ML-based detection requires at least 14 days of training data before it starts generating meaningful violations. Do not rely on ML detect immediately after enabling it for a new device fleet - use static thresholds initially, then transition to ML after the learning period.

Mitigation Actions: Automated Remediation

Device Defender can trigger predefined mitigation actions automatically when audit findings or detect violations occur. This enables automated remediation without manual intervention.

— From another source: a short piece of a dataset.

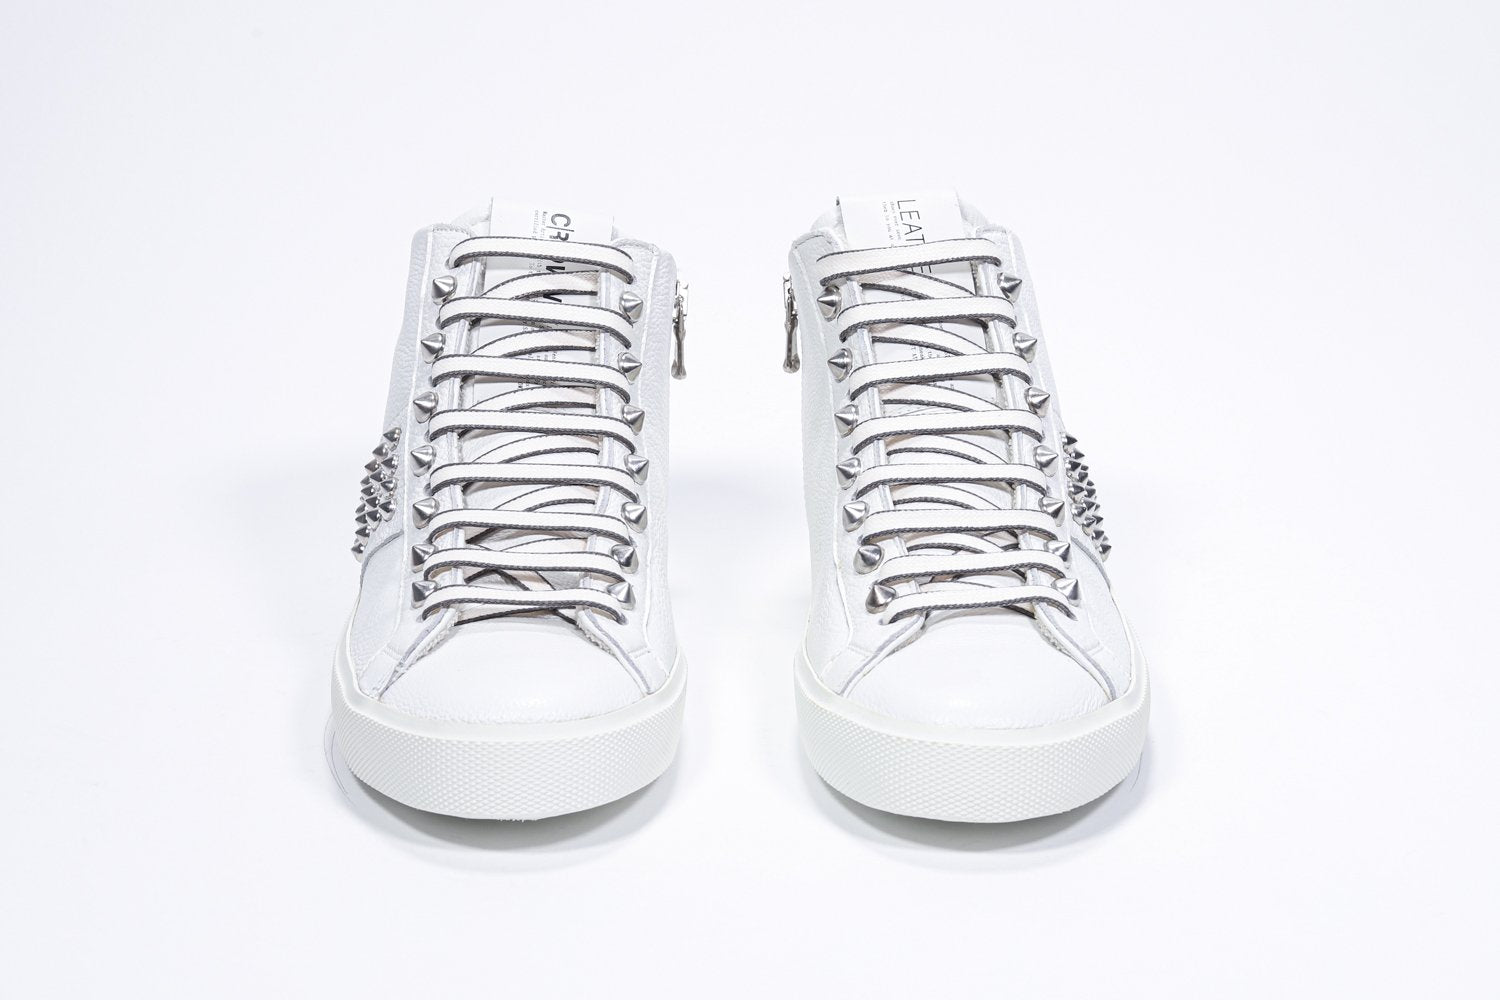 Vista frontale del mid top bianco sneaker. Tomaia in pelle con borchie, zip interna e suola in gomma bianca.

Mitigation Action TypeWhat It DoesExample Trigger
ADD_THINGS_TO_THING_GROUPMoves violating devices to a quarantine group with restrictive policyDevice showing anomalous message rates gets isolated from production topics
PUBLISH_FINDING_TO_SNSPublishes finding details to an SNS topic for alerting or downstream automationTrigger a Lambda that creates a Jira ticket for the security team
REPLACE_DEFAULT_POLICY_VERSIONReplaces a device's IoT policy with a blank (deny-all) policy versionImmediately revoke access for a device with active violations
UPDATE_CA_CERTIFICATEMarks a CA certificate as inactive to prevent new device registrationsCompromised CA stops issuing new device credentials
UPDATE_DEVICE_CERTIFICATERevokes a specific device certificateDecommission a known-compromised device
💡

Combine ADD_THINGS_TO_THING_GROUP with a pre-created quarantine Thing Group that has a policy allowing only a specific MQTT topic where the device can report its status. This creates a soft quarantine - the device stays connected but cannot send production data until cleared.

🎯

Interview Focus Points

  • 1What is the difference between Device Defender Audit and Detect - what does each one monitor?
  • 2How would you automatically quarantine a device that starts sending an unusually high volume of messages?
  • 3Explain what IOT_POLICY_OVERLY_PERMISSIVE_CHECK catches and how to fix the finding.
  • 4How long does ML-based anomaly detection take to start working and what should you use in the meantime?
  • 5Walk me through a complete incident response flow when Device Defender flags an authorization failure spike from 50 devices simultaneously.
  • 6What device-side metrics require installing a Device Defender agent, versus metrics available with no agent?
  • 7How would you handle certificate expiry for a fleet of 100,000 devices at scale using Device Defender findings and IoT Jobs?